▸ What to work on
Output each line of the listing exactly, though pictures are not to appear.

▸ Given material
┄┄┄┄┄┄┄┄┄┄┄┄┄┄┄┄┄┄┄┄

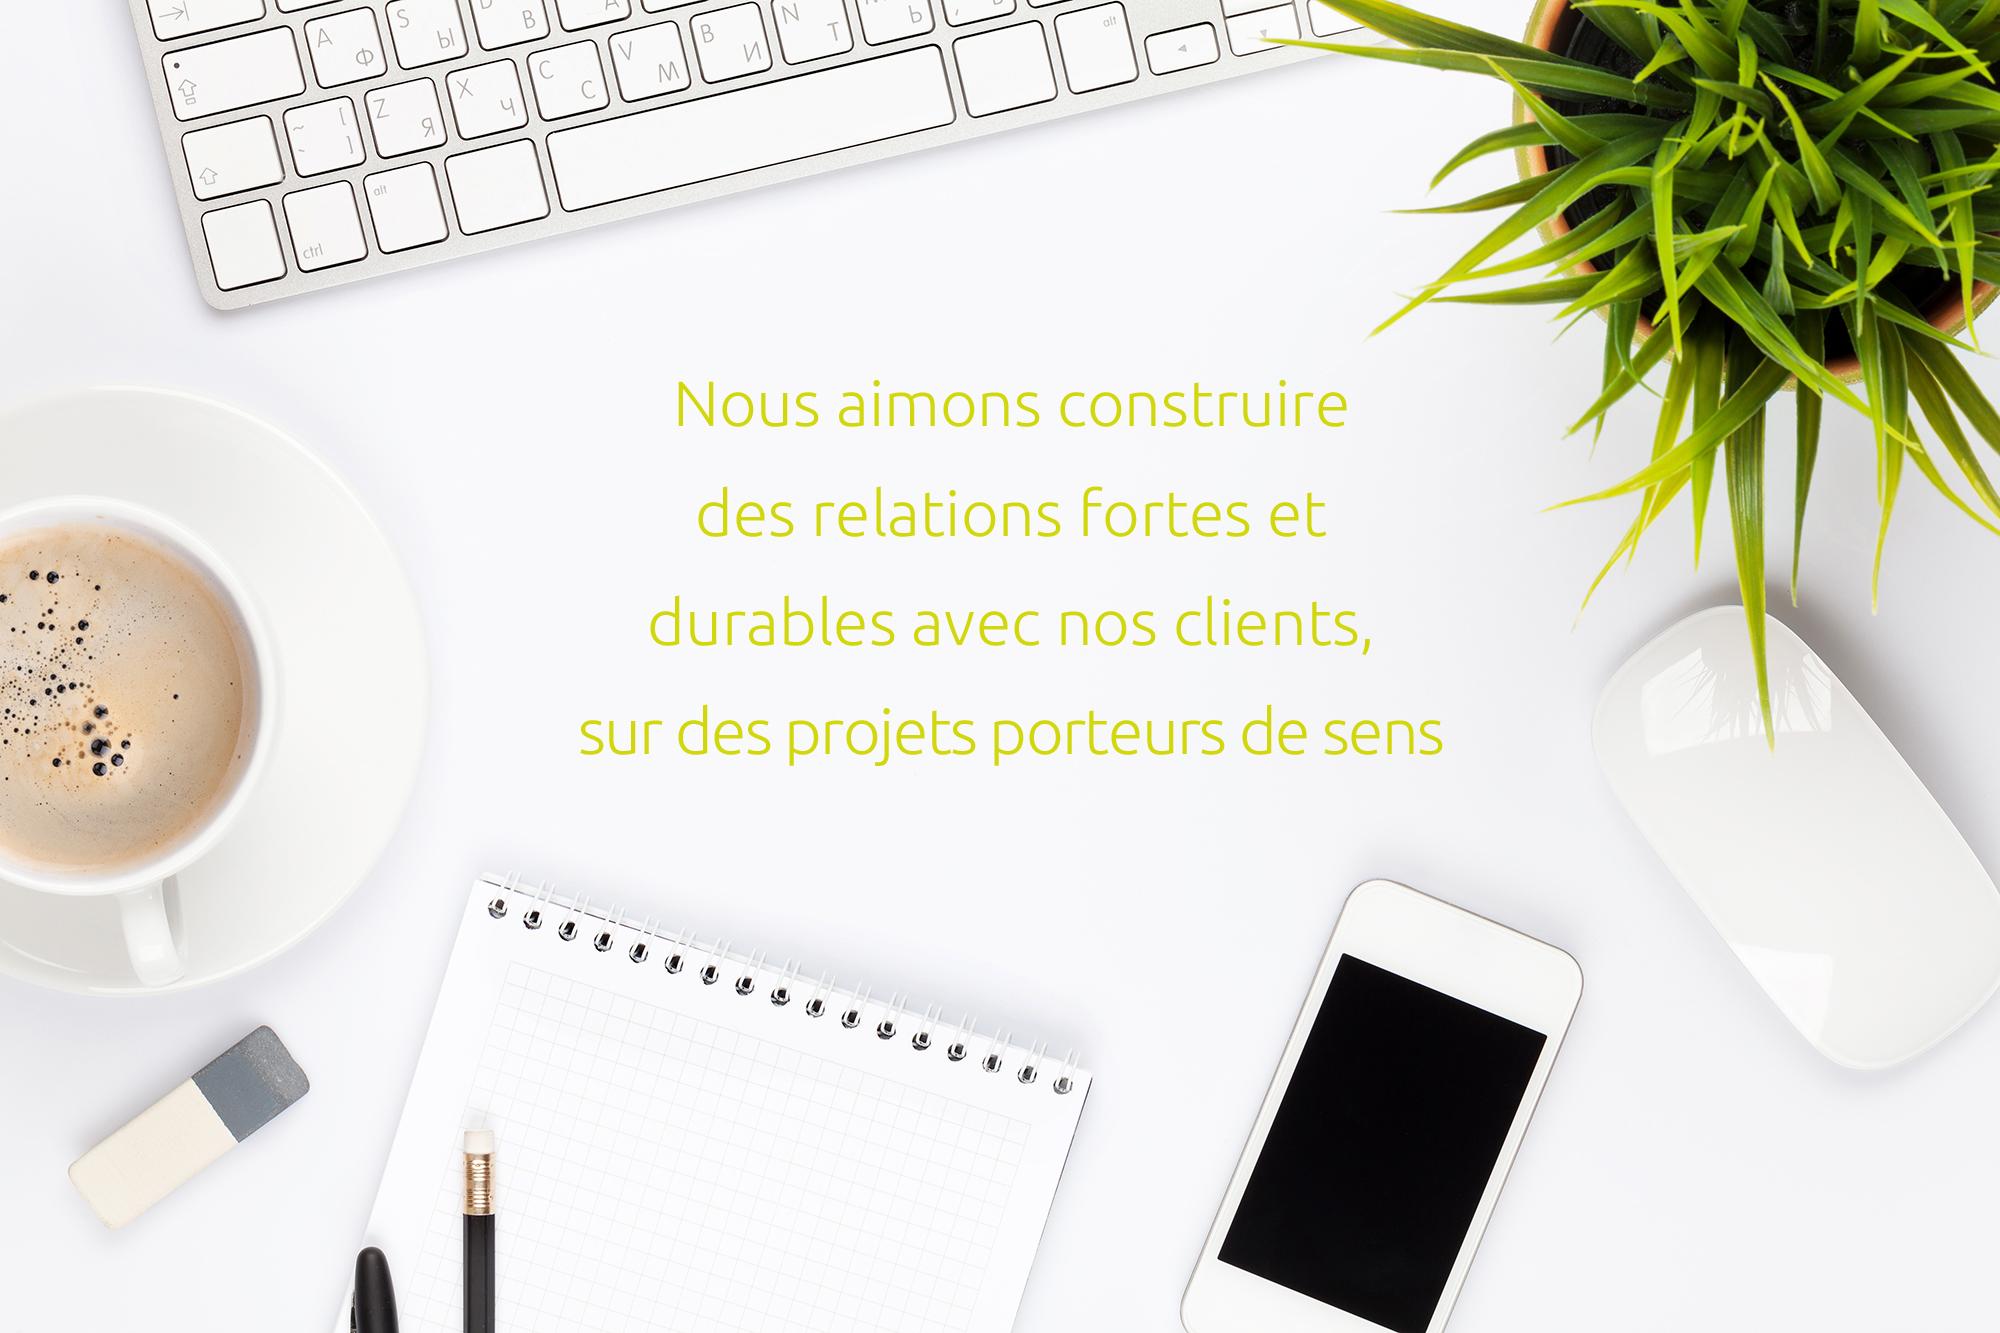 Nous aimons construire des relations fortes et durables avec nos clients, sur des projets porteurs de sens
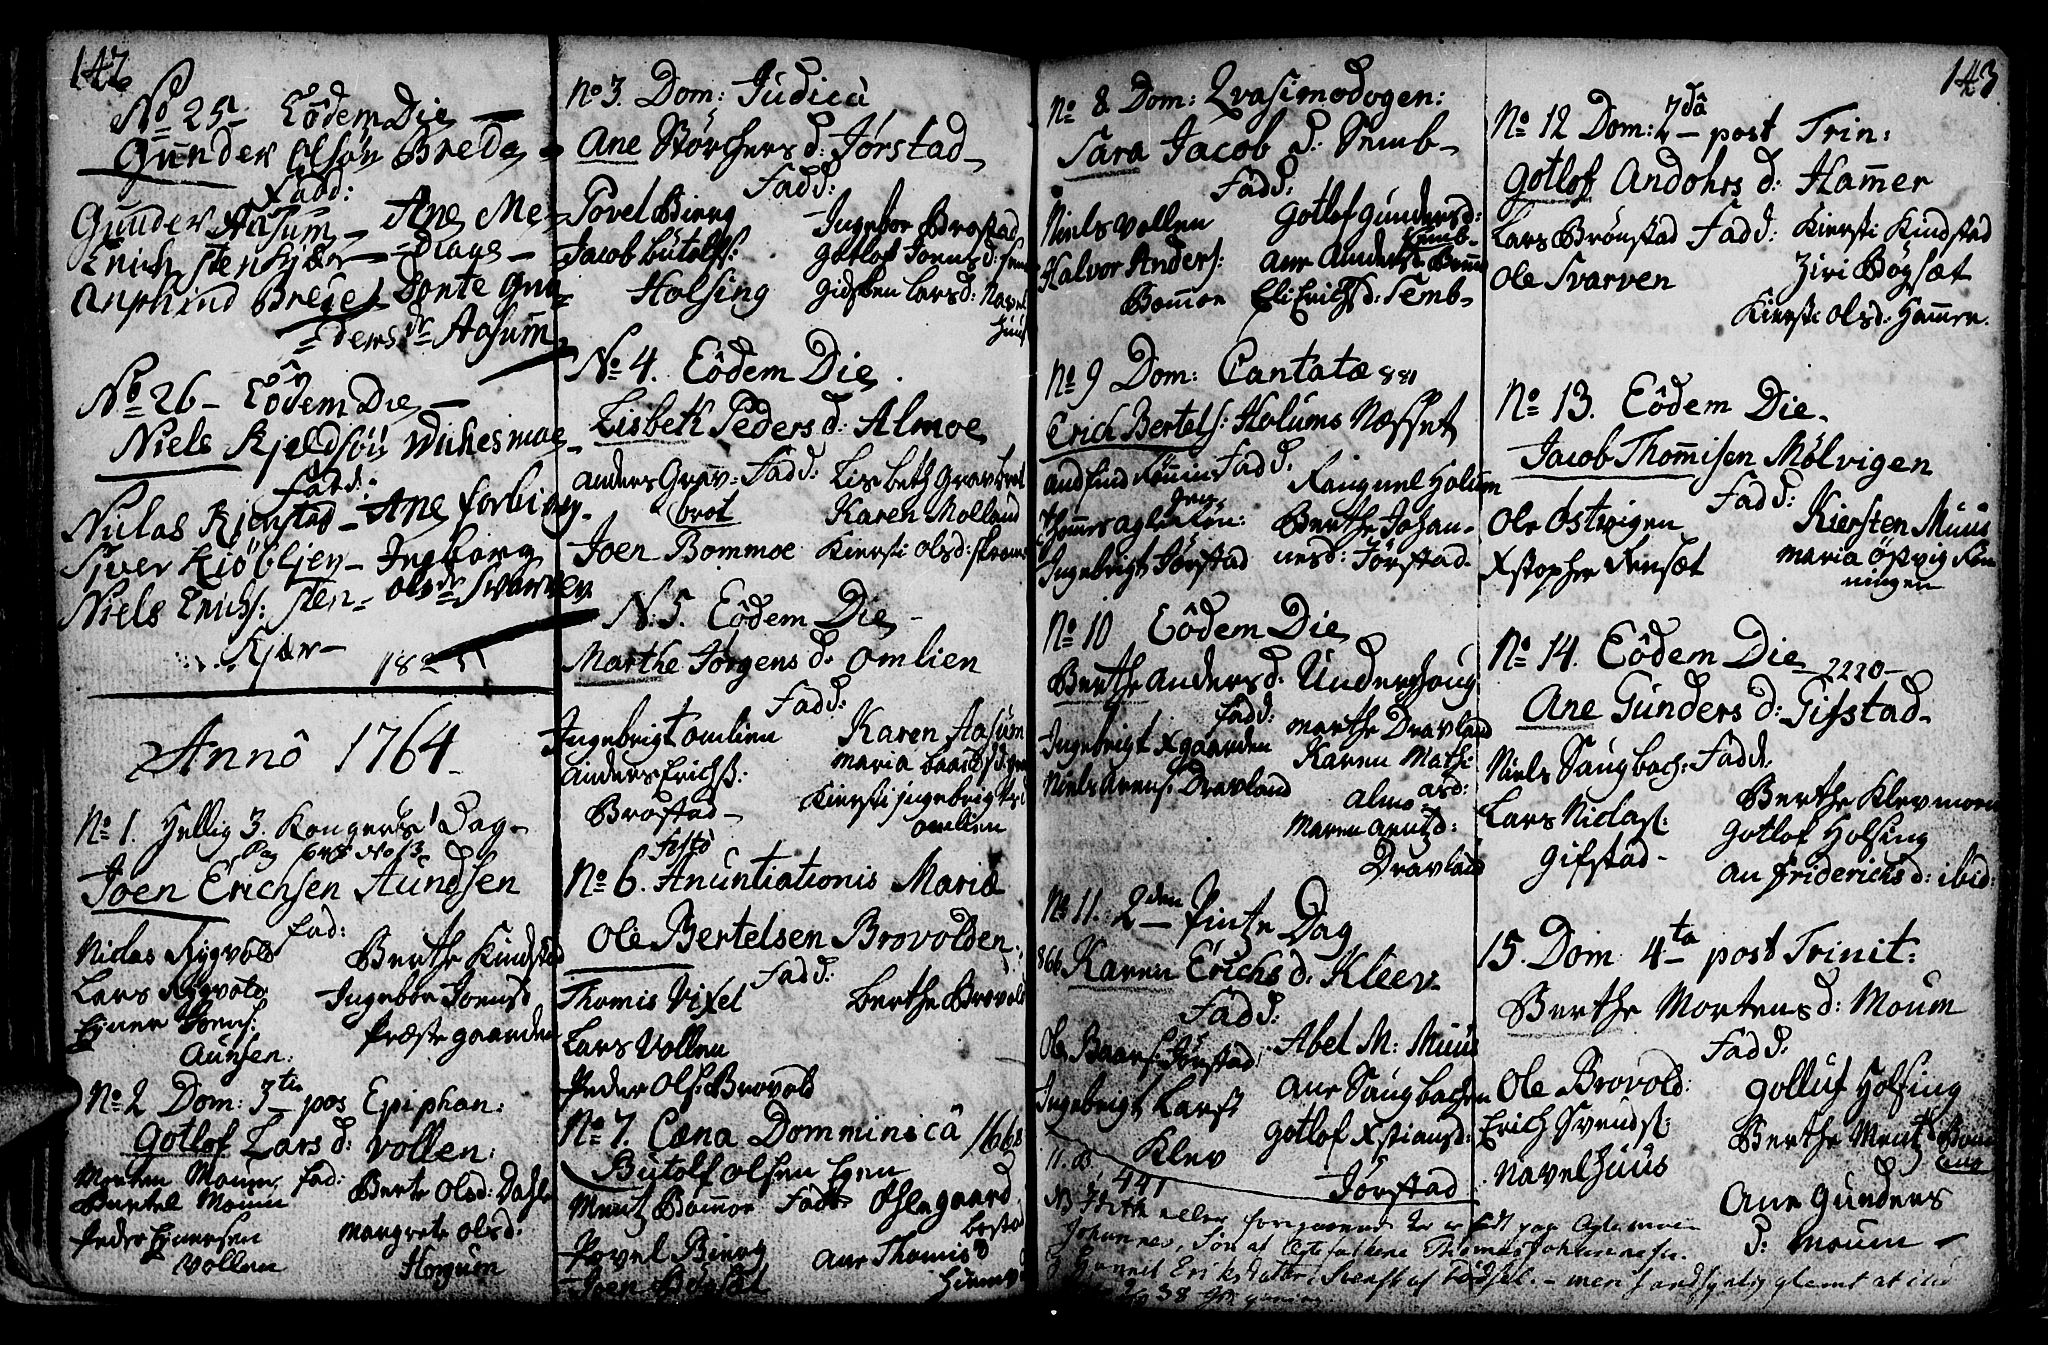 SAT, Ministerialprotokoller, klokkerbøker og fødselsregistre - Nord-Trøndelag, 749/L0467: Ministerialbok nr. 749A01, 1733-1787, s. 142-143
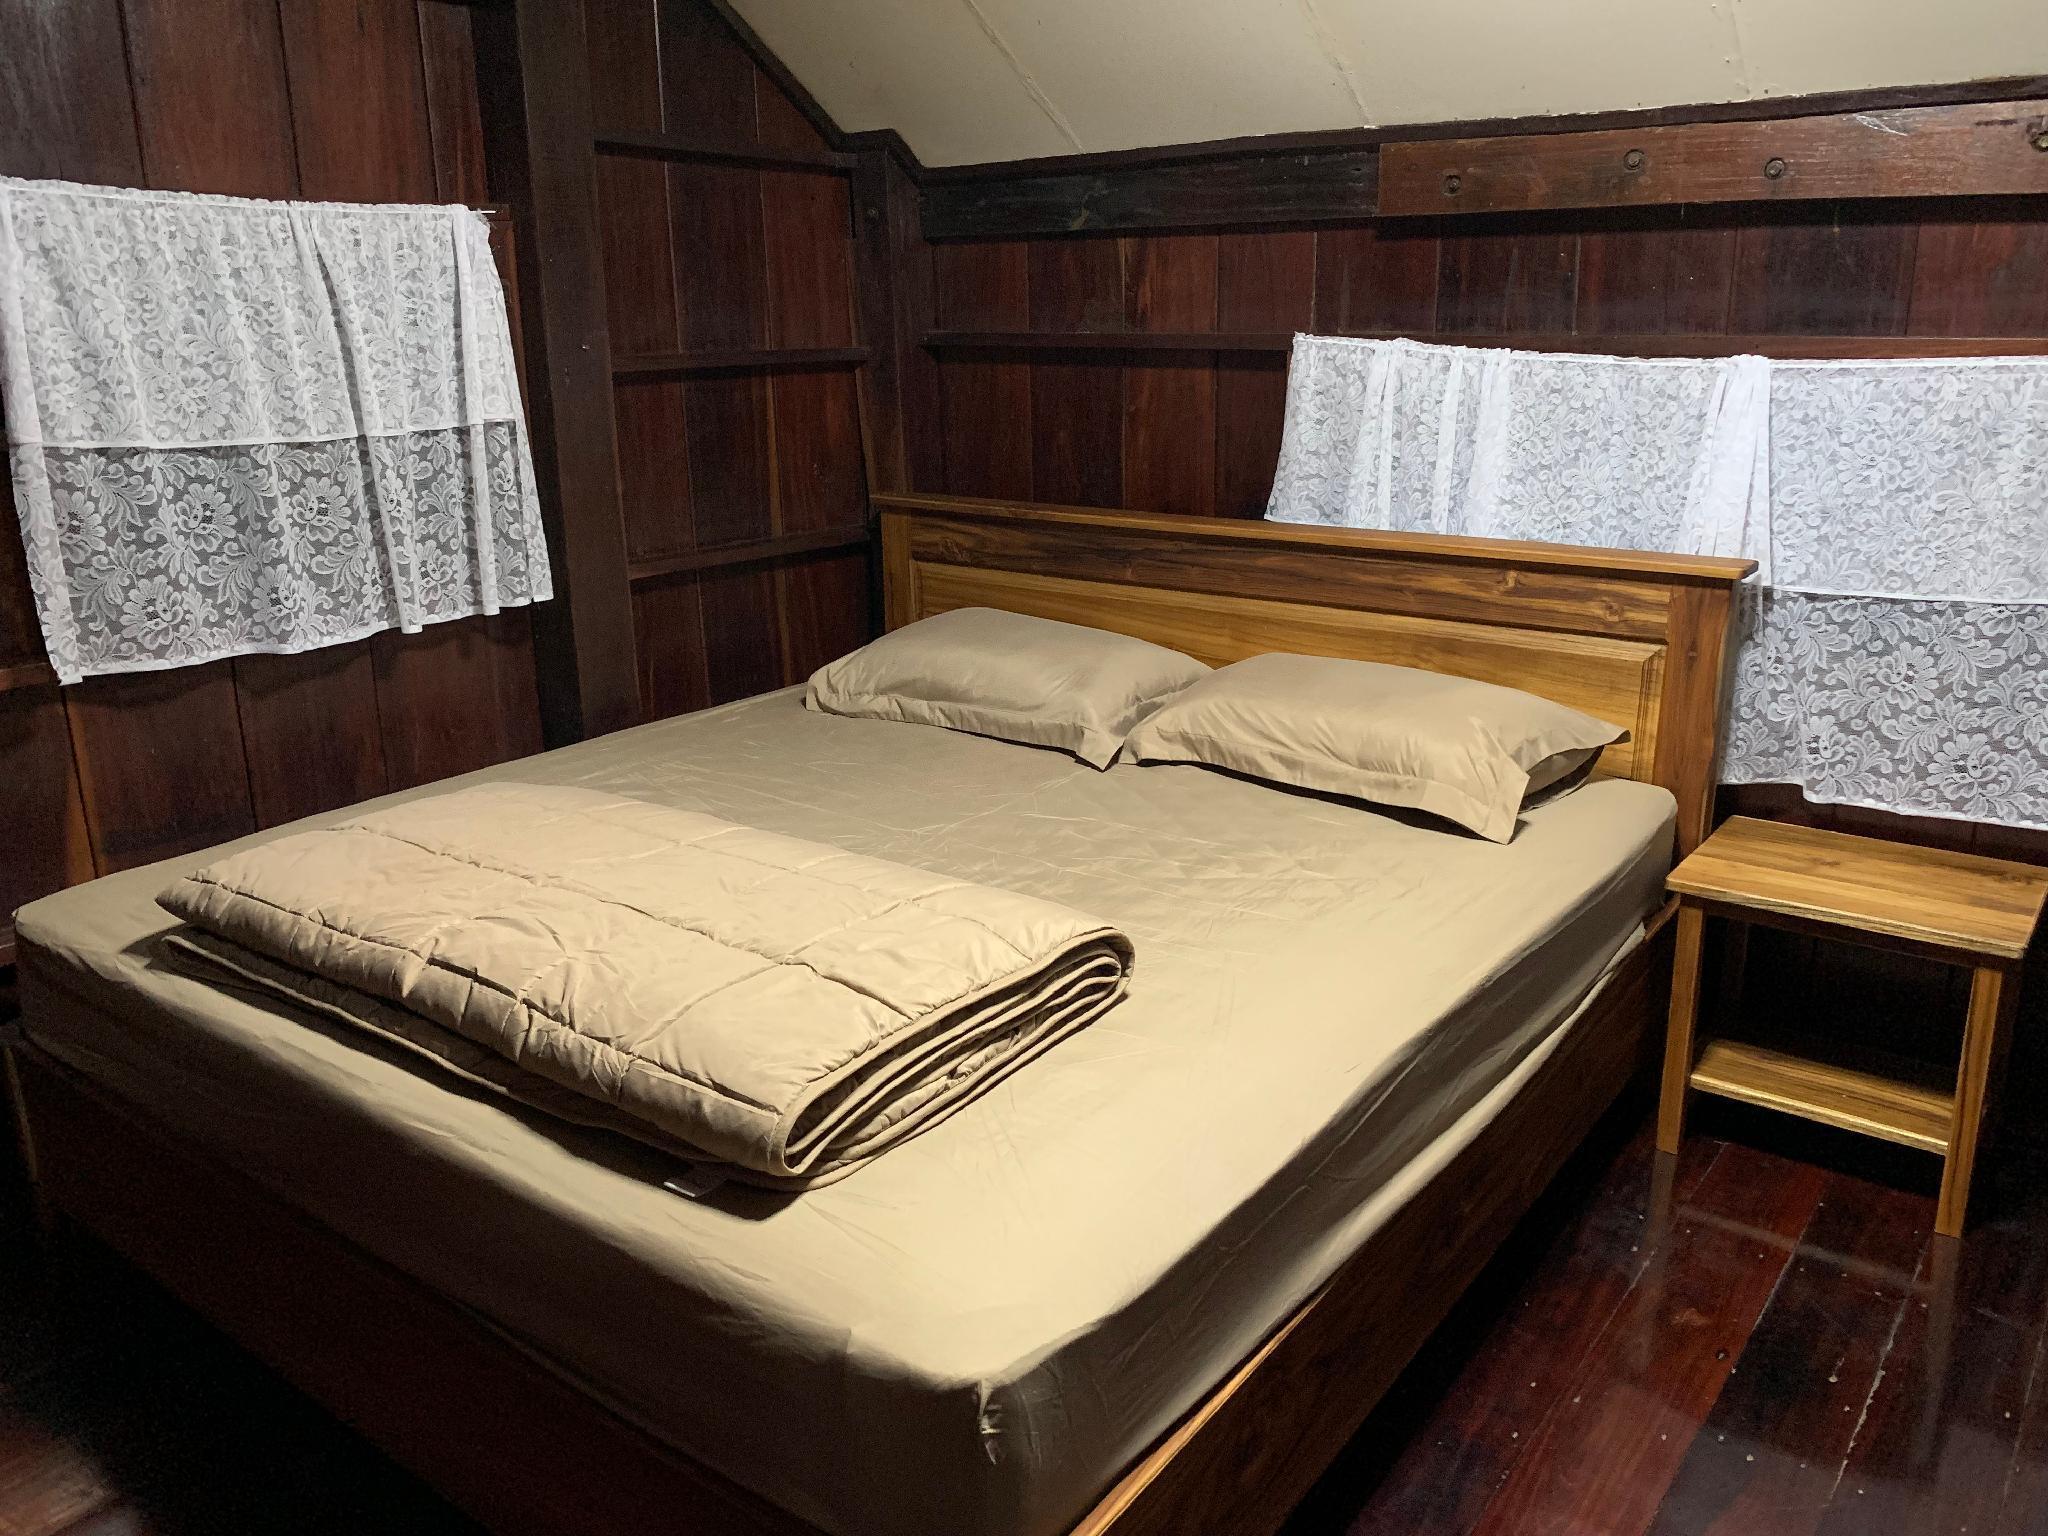 Sukcholnabuth วิลลา 2 ห้องนอน 3 ห้องน้ำส่วนตัว ขนาด 100 ตร.ม. – ทองผาภูมิ

┄┄┄┄┄┄┄┄┄┄┄┄┄┄┄┄┄┄┄┄

▸ Completed task
 Nous aimons construire des relations fortes et durables avec nos clients, sur des projets porteurs de sens
 SAT, Ministerialprotokoller, klokkerbøker og fødselsregistre - Nord-Trøndelag, 749/L0467: Ministerialbok nr. 749A01, 1733-1787, s. 142-143
 Sukcholnabuth วิลลา 2 ห้องนอน 3 ห้องน้ำส่วนตัว ขนาด 100 ตร.ม. – ทองผาภูมิ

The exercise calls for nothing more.